Thursday, November 7, 2013

Credibility

Mr. G is stronger than you. Mr. G is a real runner. I've been hearing this for years now. As my kids grow into opinionated humans, I'm forced to listen to comparisons with other adults, and repeatedly, with Mr. G, their popular gym teacher. Mr. G is 20 years younger than me. He probably is stronger than me. I know that he's a faster runner, I've heard him talking about his half-marathon time. Remember, 20 years younger! My response is typically "Mr. G should take my spin class, then we'll talk." 20 years ago, I could run a full marathon at a faster mile pace than Mr. G's half, but my kids aren’t impressed by the past.
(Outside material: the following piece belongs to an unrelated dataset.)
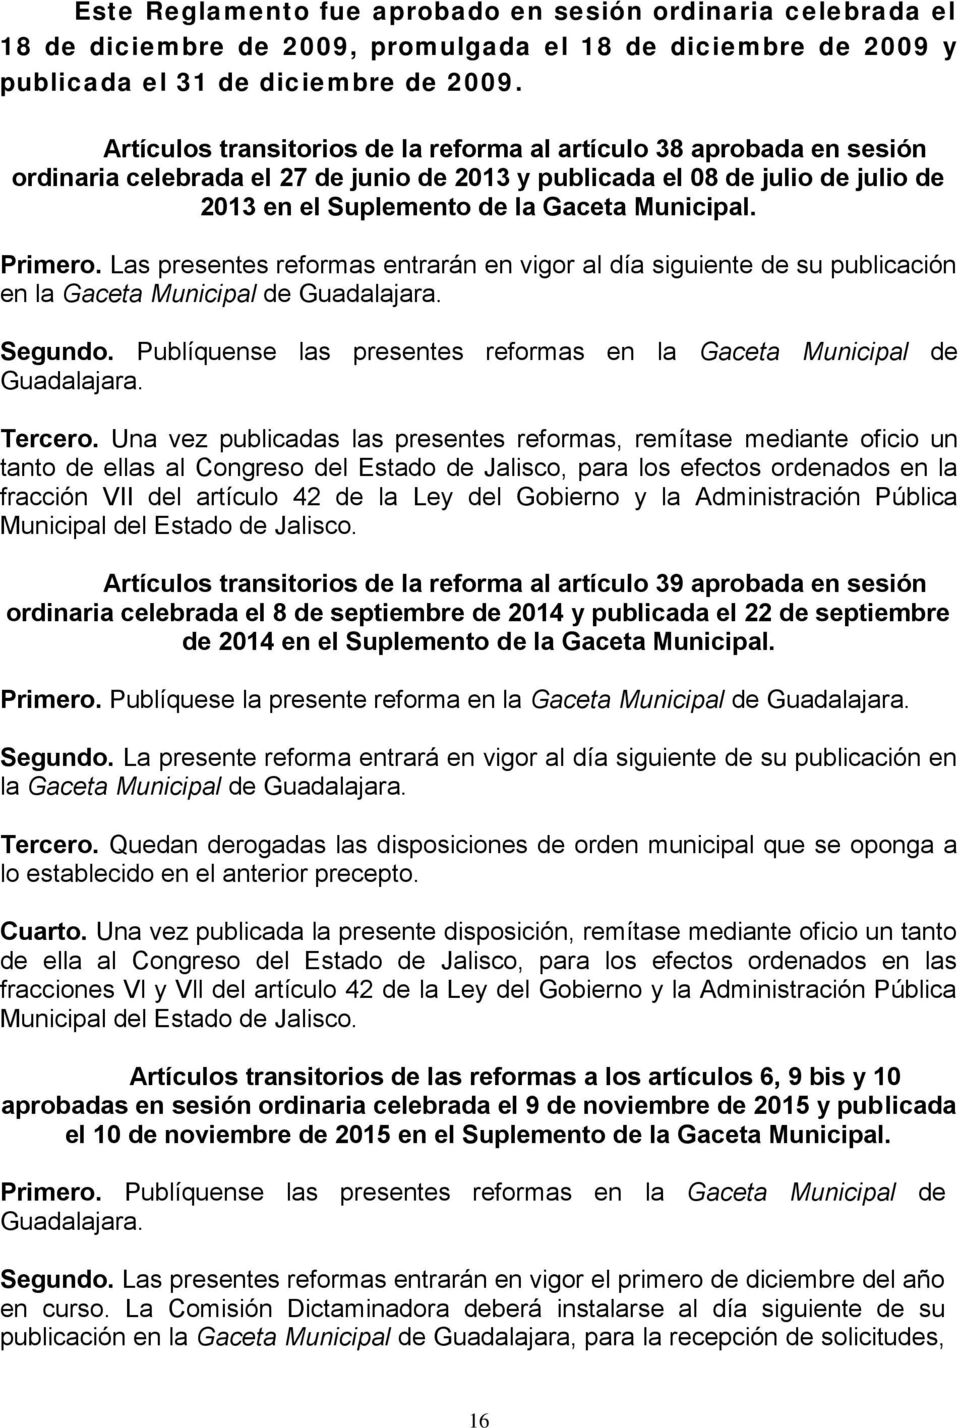 Primero. Las presentes reformas entrarán en vigor al día siguiente de su publicación en la Gaceta Municipal de Guadalajara. Segundo.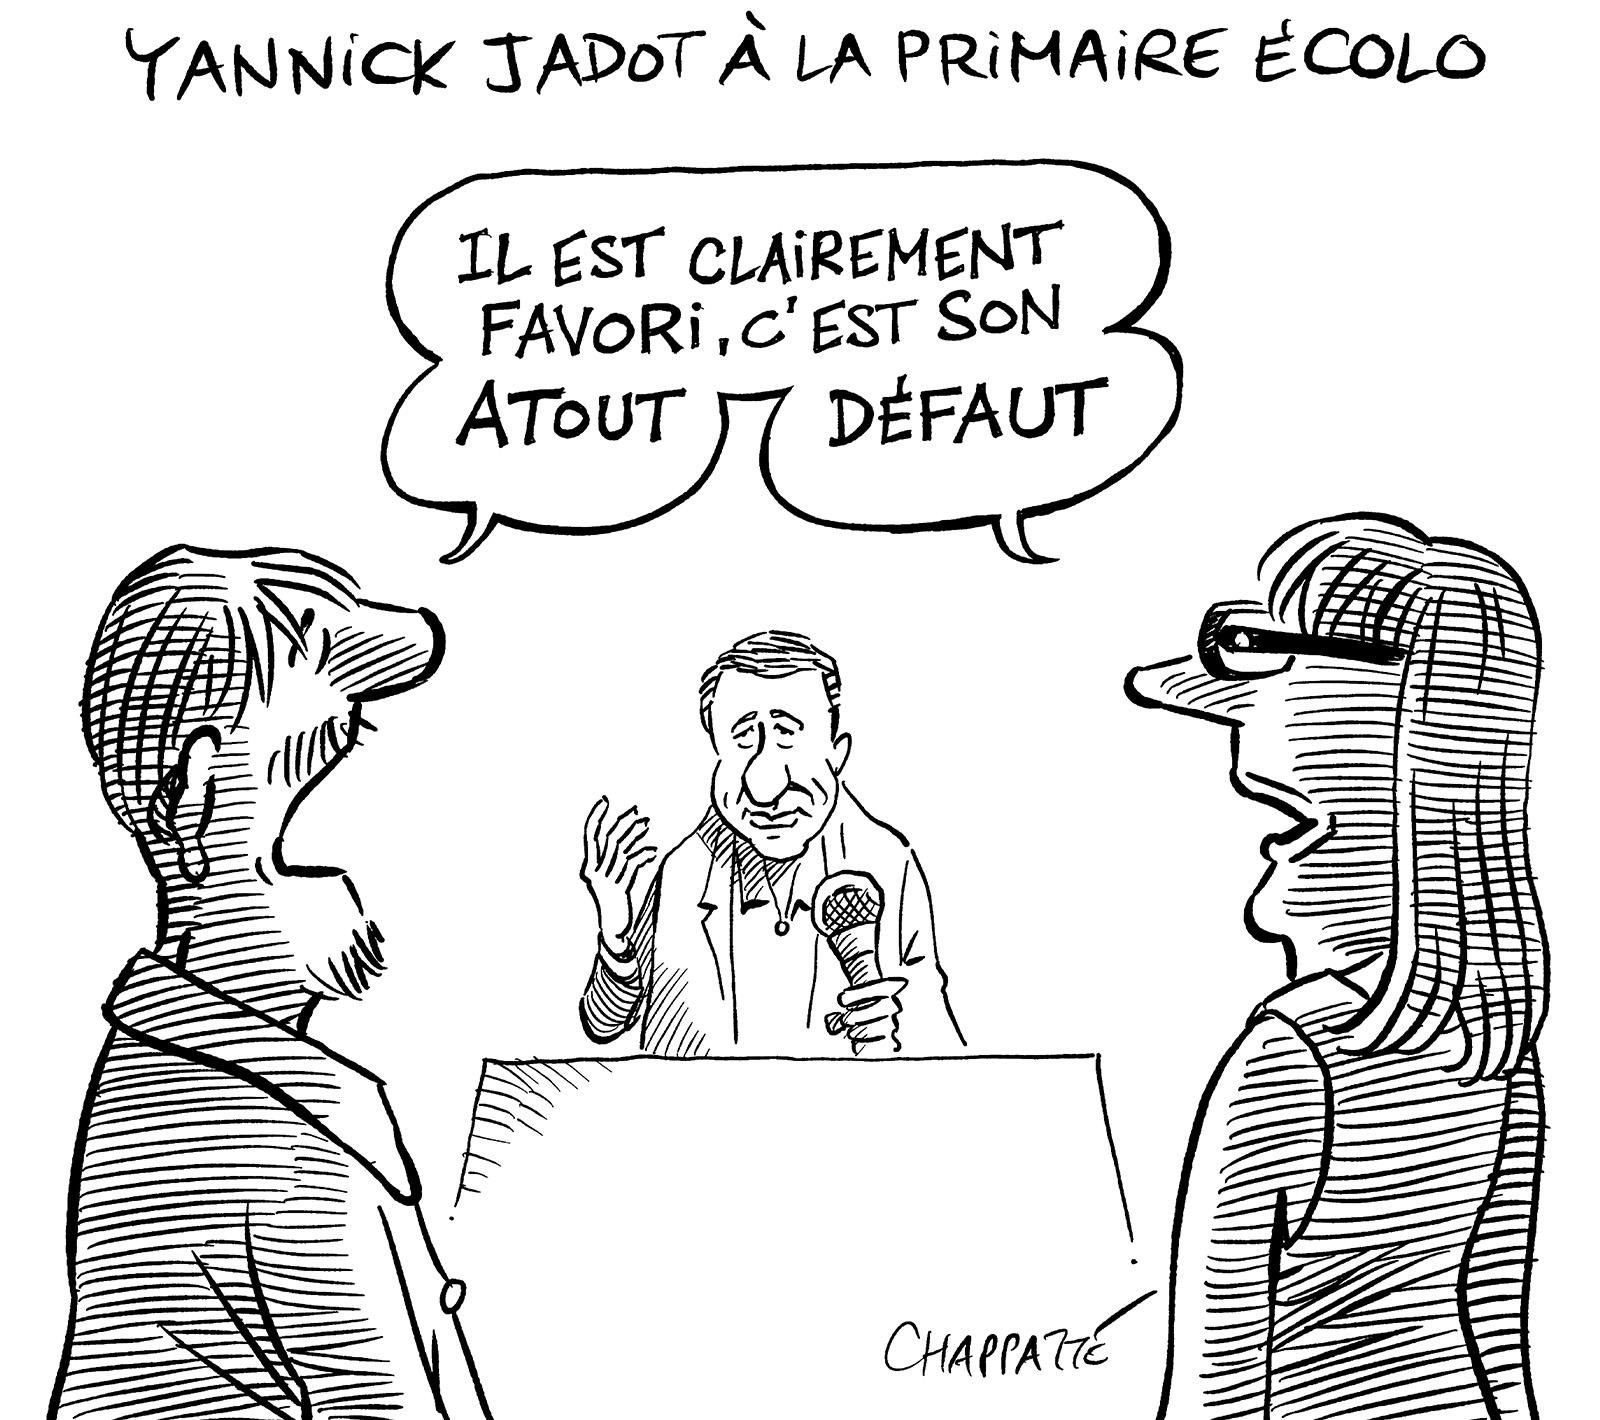 Yannick Jadot à la primaire écolo

If this seems like an immature topic to write about, well it probably is. But also, if it seems immature, it's likely that you’re not a runner. This isn't really just about Mr. G's running pace or comparing athleticism, but about garnering credibility from my kids in areas where I am actually credible. I hear it all this time. A guy bikes past my family looking like an advertisement for Pearl Izumi and Sophie says "Dad, that guys a real biker". As if fashion makes the athlete. Perhaps it does.
Each year, my kids' school holds a "Race for Education". It's a fund-raiser that culminates in the kids running laps around the school track – I like that part. The rest of the fund-raiser is particularly annoying. There are several incentives that keep the kids actively asking for money for weeks. It is so prominently discussed during the school day that Eli, 8 years old, wants to donate his own money to ensure that his school meets their goal and earns a bounce-house party after the race.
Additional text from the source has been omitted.